Study: Bot-on-Bot Editing Wars Raging on Wikipedia’s pages – NewsFactor Network

For many it is no more than the first port of call when a niggling question raises its head. Found on its pages are answers to mysteries from the fate of male anglerfish, the joys of dorodango, and the improbable death of Aeschylus.

But beneath the surface of Wikipedia lies a murky world of enduring conflict. A new study from computer scientists has found that the online encyclopedia is a battleground where silent wars have raged for years.

Since Wikipedia launched in 2001, its millions of articles have been ranged over by software robots, or simply bots, that are built to mend errors, add links to other pages, and perform other basic housekeeping tasks.

In the early days, the bots were so rare they worked in isolation. But over time, the number deployed on the encyclopedia exploded with unexpected consequences. The more the bots came into contact with one another, the more they became locked in combat, undoing each others edits and changing the links they had added to other pages. Some conflicts only ended when one or other bot was taken out of action.

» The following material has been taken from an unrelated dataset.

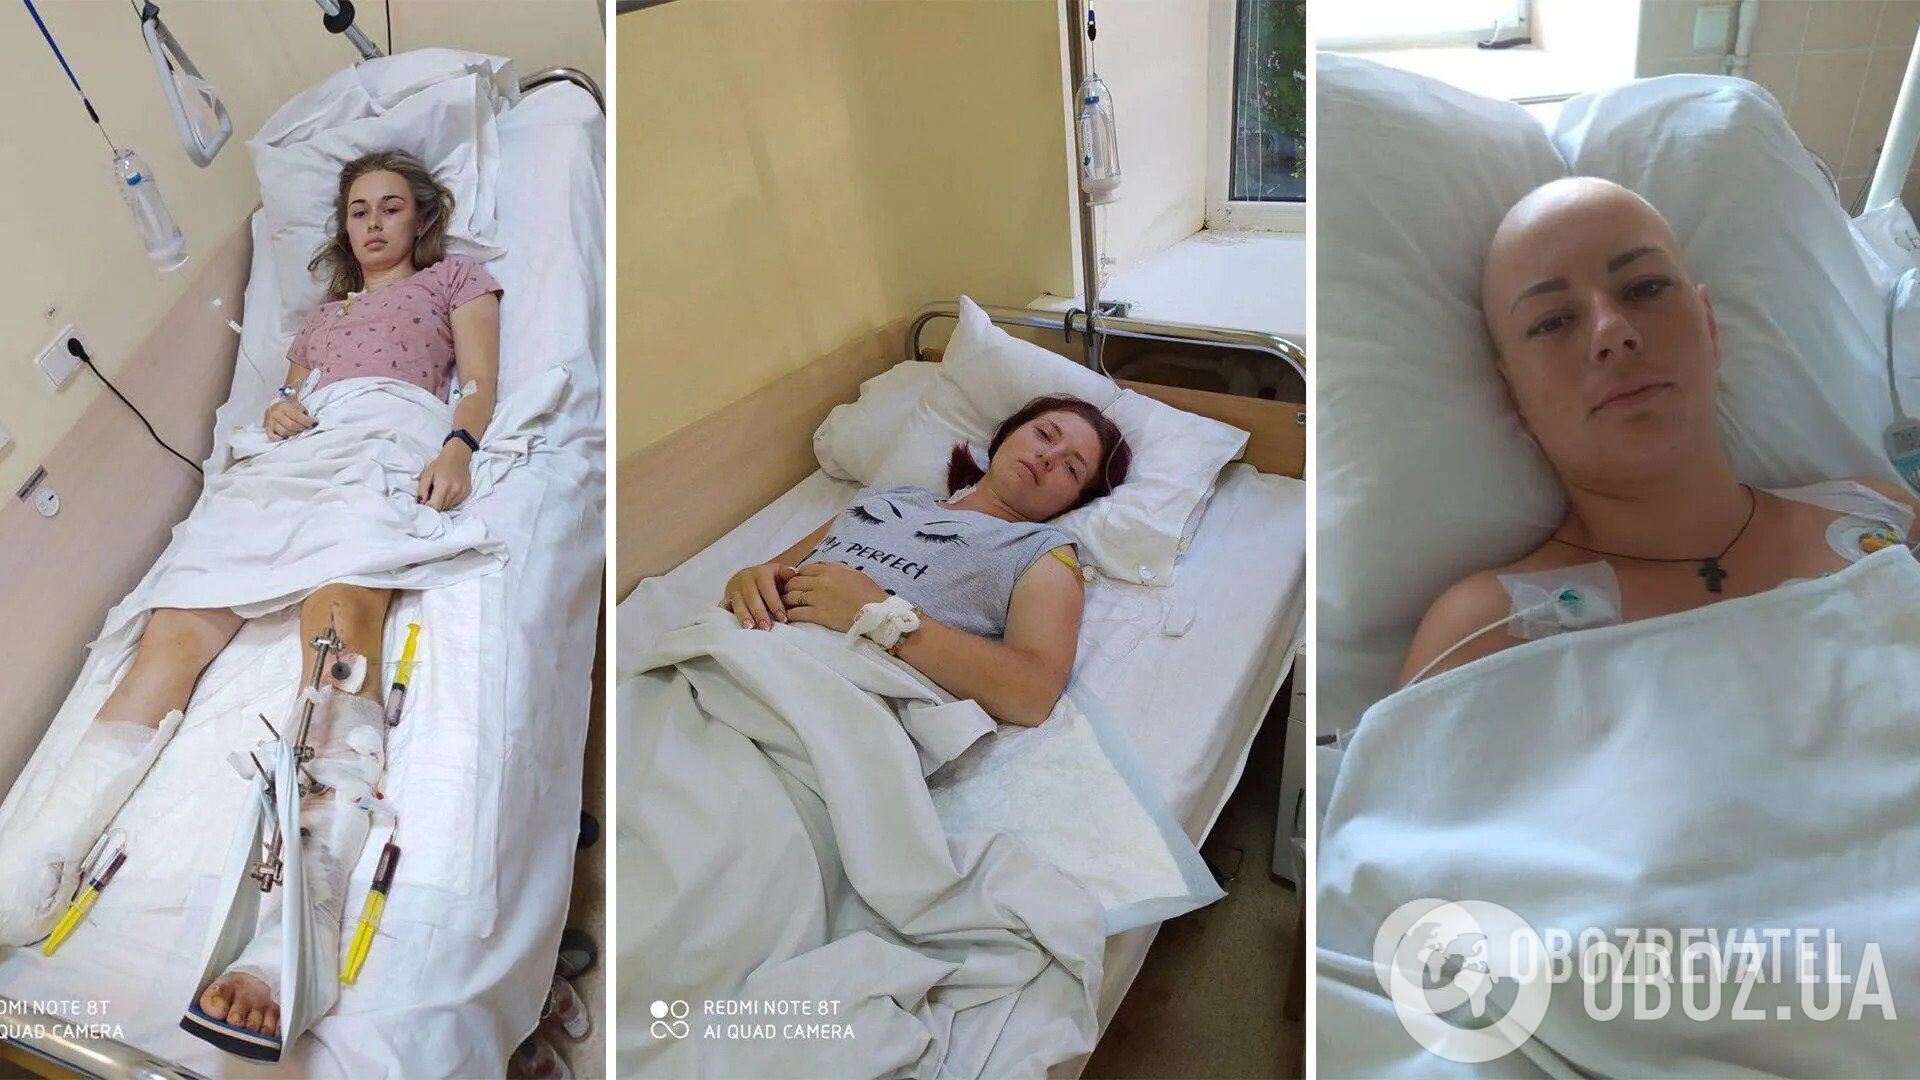 Суд вынес приговор майору, который пьяным сбил трех курсанток в Киеве: попыток наезда было несколько, две пострадавшие потеряли по ноге

The fights between bots can be far more persistent than the ones we see between people, said Taha Yasseri, who worked on the study at the Oxford Internet Institute. Humans usually cool down after a few days, but the bots might continue for years.

The findings emerged from a study that looked at bot-on-bot conflict in the first ten years of Wikipedias existence. The researchers at Oxford and the Alan Turing Institute in London examined the editing histories of pages in 13 different language editions and recorded when bots undid other bots changes.

They did not expect to find much. The bots are simple computer programs that are written to make the encyclopedia better. They are not intended to work against each other. We had very low expectations to see anything interesting. When you think about them they are very boring, said Yasseri. The very fact that we saw a lot of conflict among bots was a big surprise to us. They are good bots, they are based on good intentions, and they are based on same open source technology.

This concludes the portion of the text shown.